Now I wonder if the Twins will jump back in to these contract talks. Not because they’re off to a nice start and are proving that This Will Work. But for no other reason than other teams are setting the template for what an extension could look like in April 2019.
In March, I was told that the Twins weren’t actively pursuing any further extensions after Polanco and Kepler signed on. I also know that the team would already have had those discussions with a number of different players by that point.
“We do have a desire to do that,” a Twins official said before spring training. “We would like nothing more than to extend some of the current guys, so when the next wave [of young talent] is here, we still have the best of today with the best of tomorrow.”
This column presents 5 thoughts on who we might consider “the best of today.” Who are the extension candidates left on the Twins?
To do a deal like this you’d have to believe in Kyle Gibson’s turnaround. (I do.) You’d also have to believe that the turnaround for a 31-year-old former first-round pick is worth paying a fixed salary. That’s a less certain bet, in my book.
Gibson is a fastball-slider-changeup righty who last season posted career bests in ERA (3.62), strikeout rate (21.7%) and swinging-and-miss rate (11.5%), and innings (196 2/3). Looks good. But what are teams paying these days for non-elite pitchers who’ve celebrated at least 30 birthdays?

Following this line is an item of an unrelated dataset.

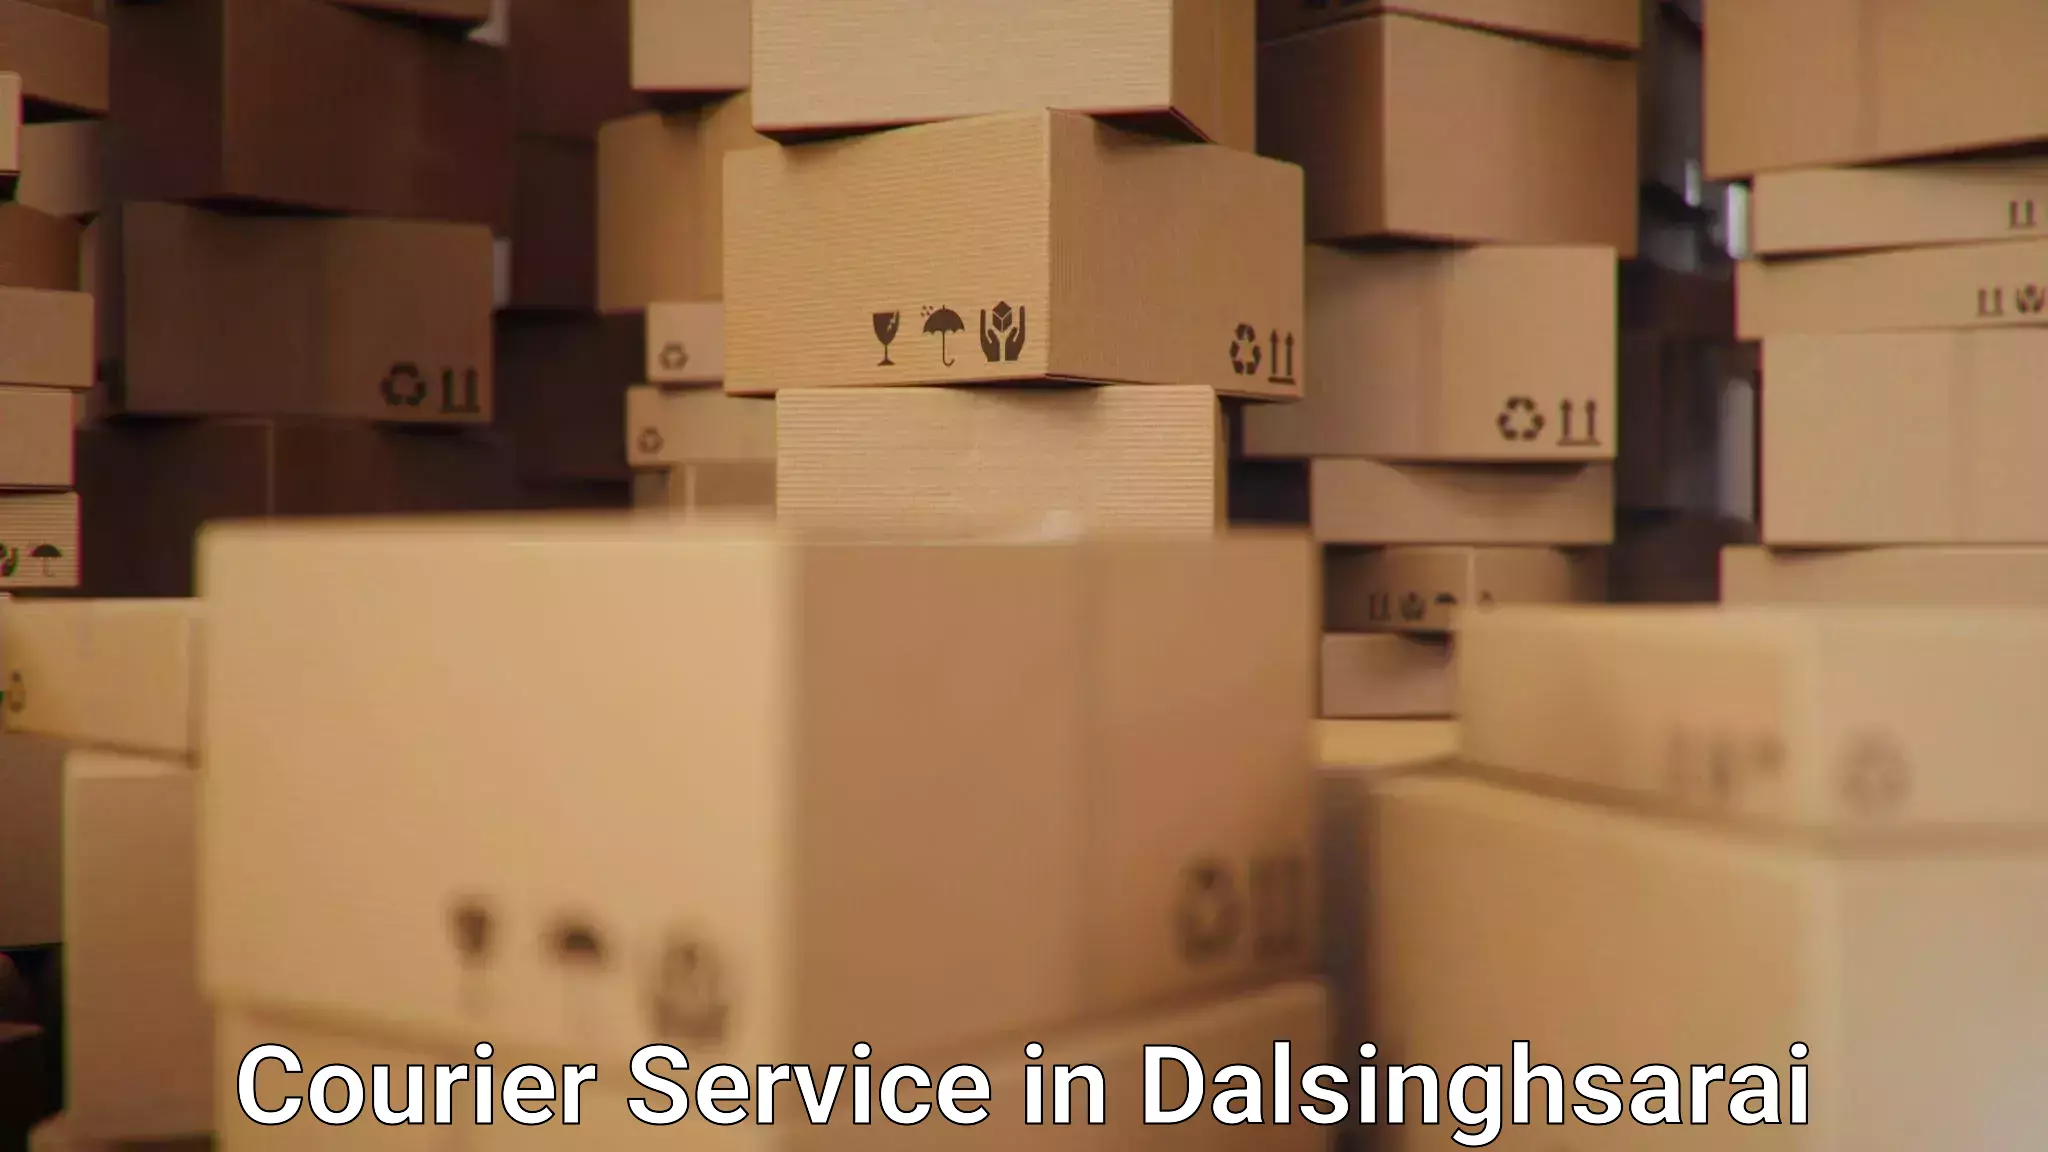 Domestic delivery options in Dalsinghsarai

Among comparable contract extensions, there aren’t many who match Gibson’s profile. Sonny Gray was traded to the Reds and instantly agreed to an extension worth $30.5 million over 3 years (with 1 option). He’s two years younger than Gibson and had a peak that made him a more widely known commodity, and perhaps more desirable in the eyes of some evaluators. After that you’d just be looking at comparable free agency contracts, like the 3 years/$30 million for Lance Lynn in Texas. (Only 9 free agent starting pitchers got more than $10 million guaranteed this winter, and one notable man named Dallas Keuchel remains unsigned.) Remember, Gibson’s side would be choosing between an extension now or free agency six months from now.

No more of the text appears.